Quarto, foco nos funis que mais doem no bolso do crime. Se a maioria dos aparelhos some em poucos dias por exportação ou por desmonte, as ações de alto impacto estão nos terminais de carga, nos operadores logísticos e nas bancas reincidentes. Alertas do Activation Lock combinados a eventos no NMPR podem acionar inspeções rápidas em remessas suspeitas. Quinto, uma experiência decente para a vítima: um painel único com o passo a passo e o status – “marcado no NMPR”, “Activation Lock ativo”, “apagado remotamente”, “pedido policial registrado”, “número do caso”, “última atualização”. Hoje, a pessoa cai num labirinto de formulários de seguradora e silêncio institucional.
Também há trabalho do lado do usuário. Os cenários de maior risco são previsíveis: calçadas lotadas, mesas externas de bares, ônibus tarde da noite. A Proteção de Dispositivo Roubado é potente, mas ainda subutilizada. Pequenos empurrões de UX ajudam: lembrar o recurso ao adicionar um cartão ao Wallet, ao ativar o Apple Pay ou quando o Face ID registra uma mudança relevante de aparência.

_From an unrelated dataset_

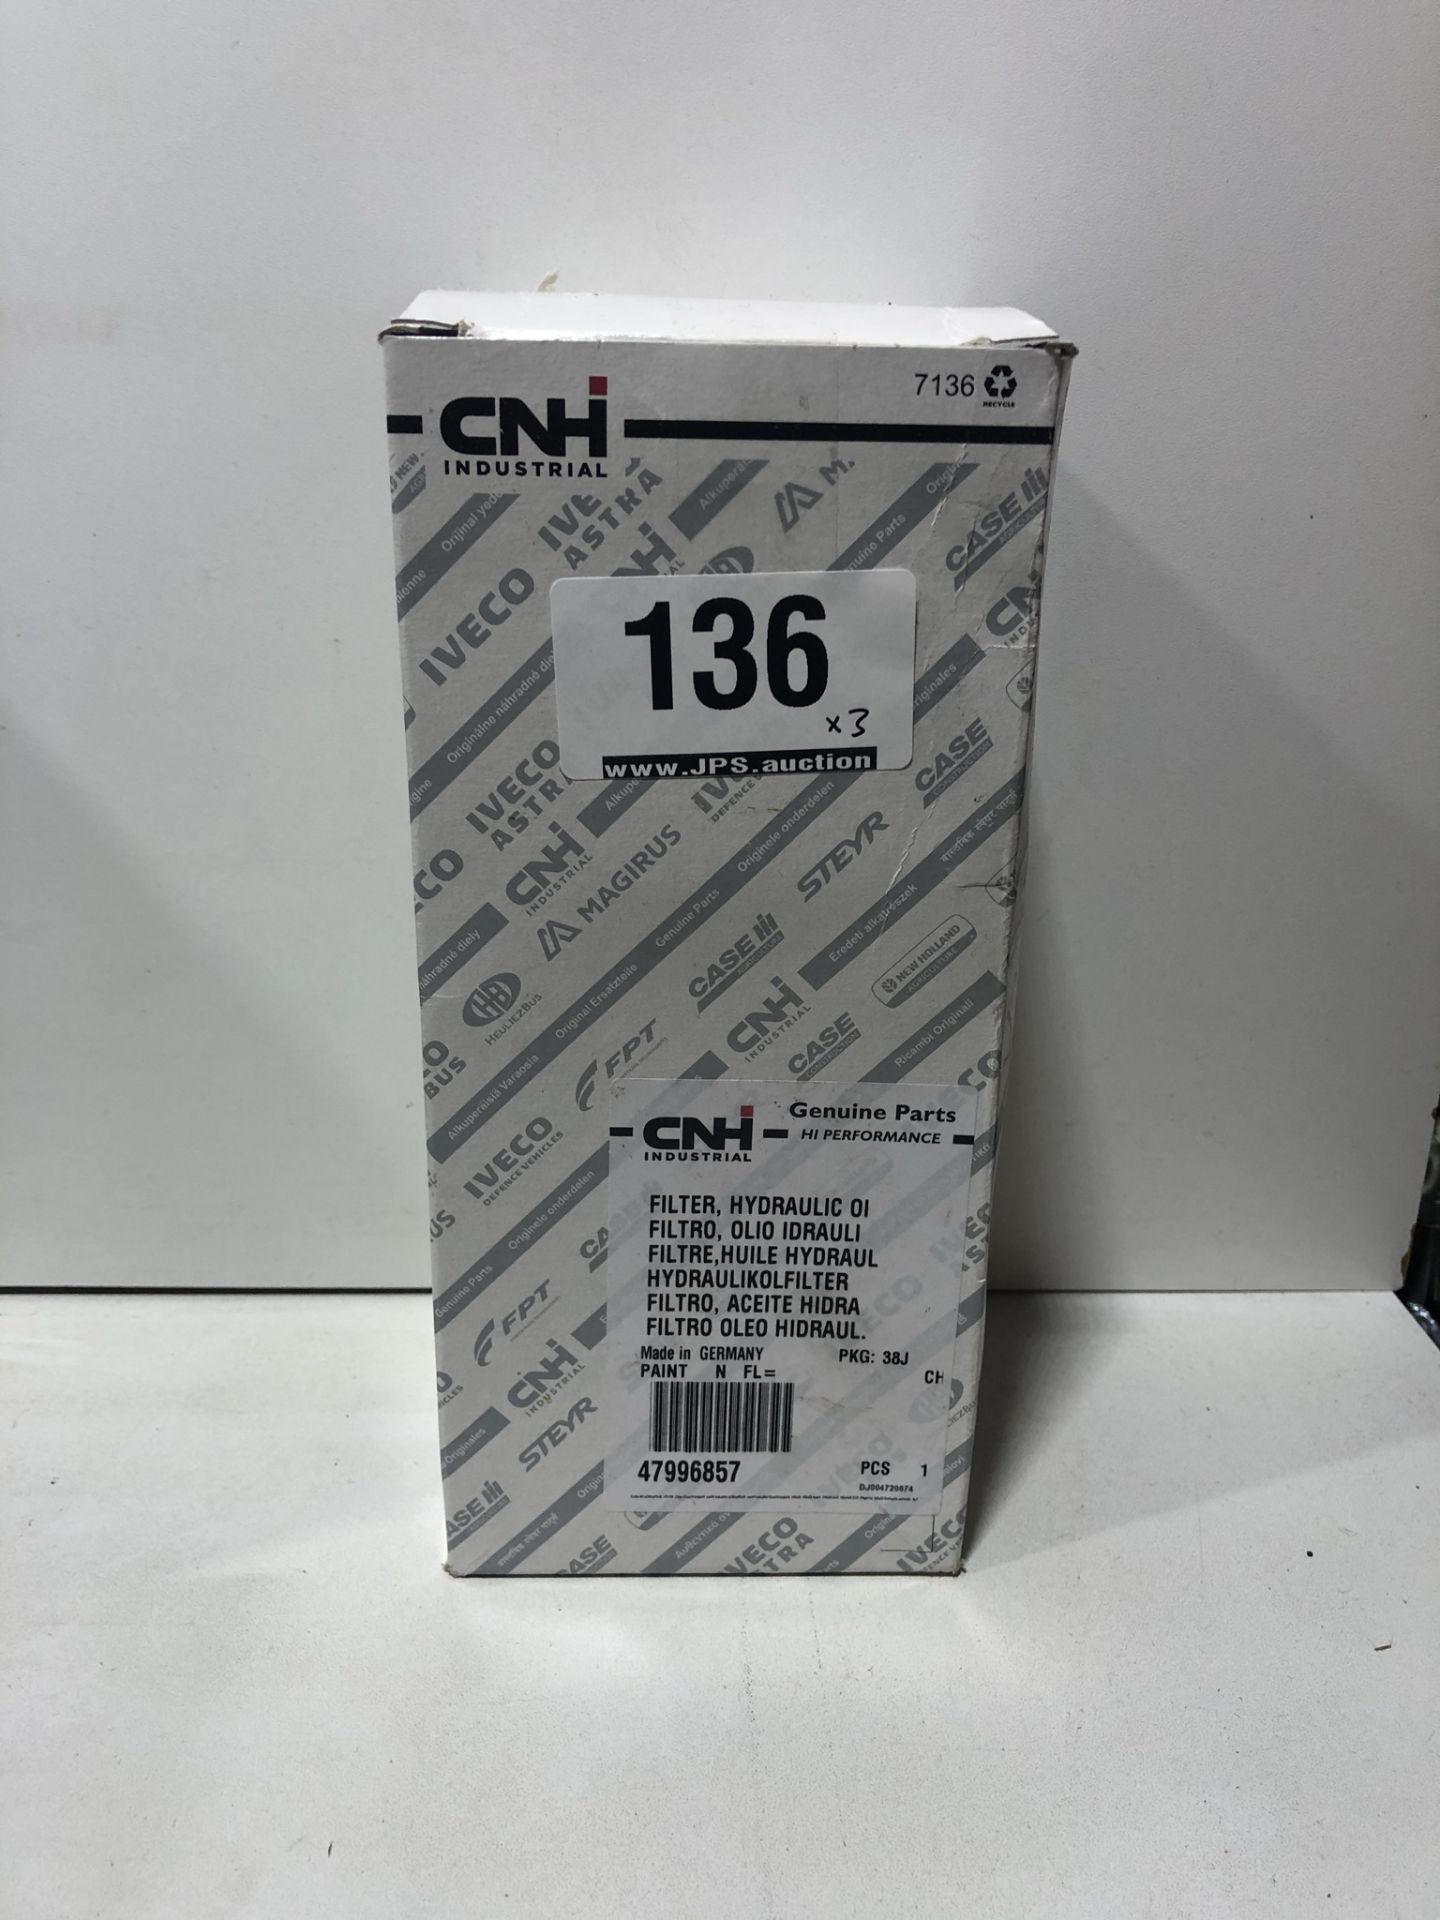 3 x CNH Hydraulic Oil Filters - Image 2 of 3
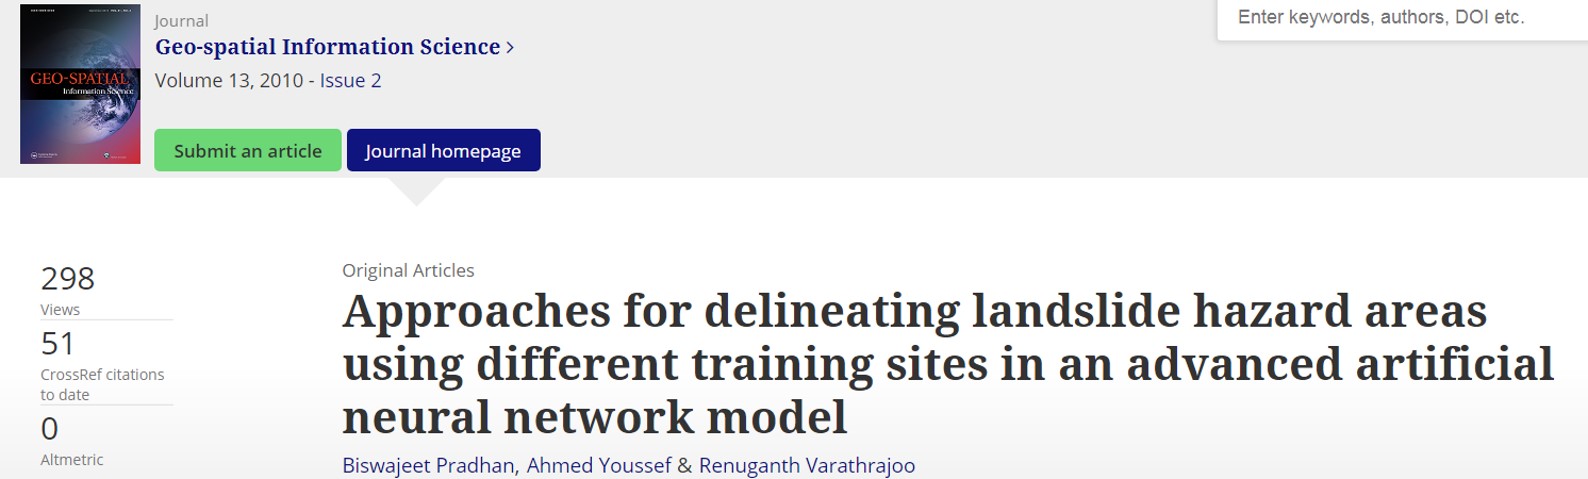 Approaches for delineating landslide hazard areas using different training sites in an advanced artificial neural network model

E, na venda de um iPhone novo, treinar o varejo para configurar essas proteções com o cliente.
Minha leitura: o atrito é compreensível; o impasse, não. A Met tem razão ao pedir sinais estruturados e rápidos que tornem o iPhone roubado economicamente inútil. A Apple tem razão ao exigir base legal e processos imunes a fraude. O caminho não é mais um comunicado: é um protocolo. Conecte NMPR, varejo e estado do aparelho na Apple com autenticação robusta, logs auditáveis e foco na vítima. Publique métricas: tempo até “travado”, taxa de respostas dentro do prazo, conformidade do trade-in, apreensões em exportação. Com placar compartilhado, a disputa retórica vira corrida por redução real.
Por fim, um recado que ouvimos sempre dos leitores londrinos: responsabilidade tem CEP. A cidade quer menos arrancões na esquina do pub, não só siglas tecnológicas. Isso pede patrulha direcionada onde “esquenta”, checagem rápida de IMEIs reincidentes e ação visível contra lojas e embarcadores que fazem vista grossa. Somado às travas do ecossistema e a um fluxo claro para a vítima, você produz algo que ladrão odeia: atrito inevitável, difícil de contornar.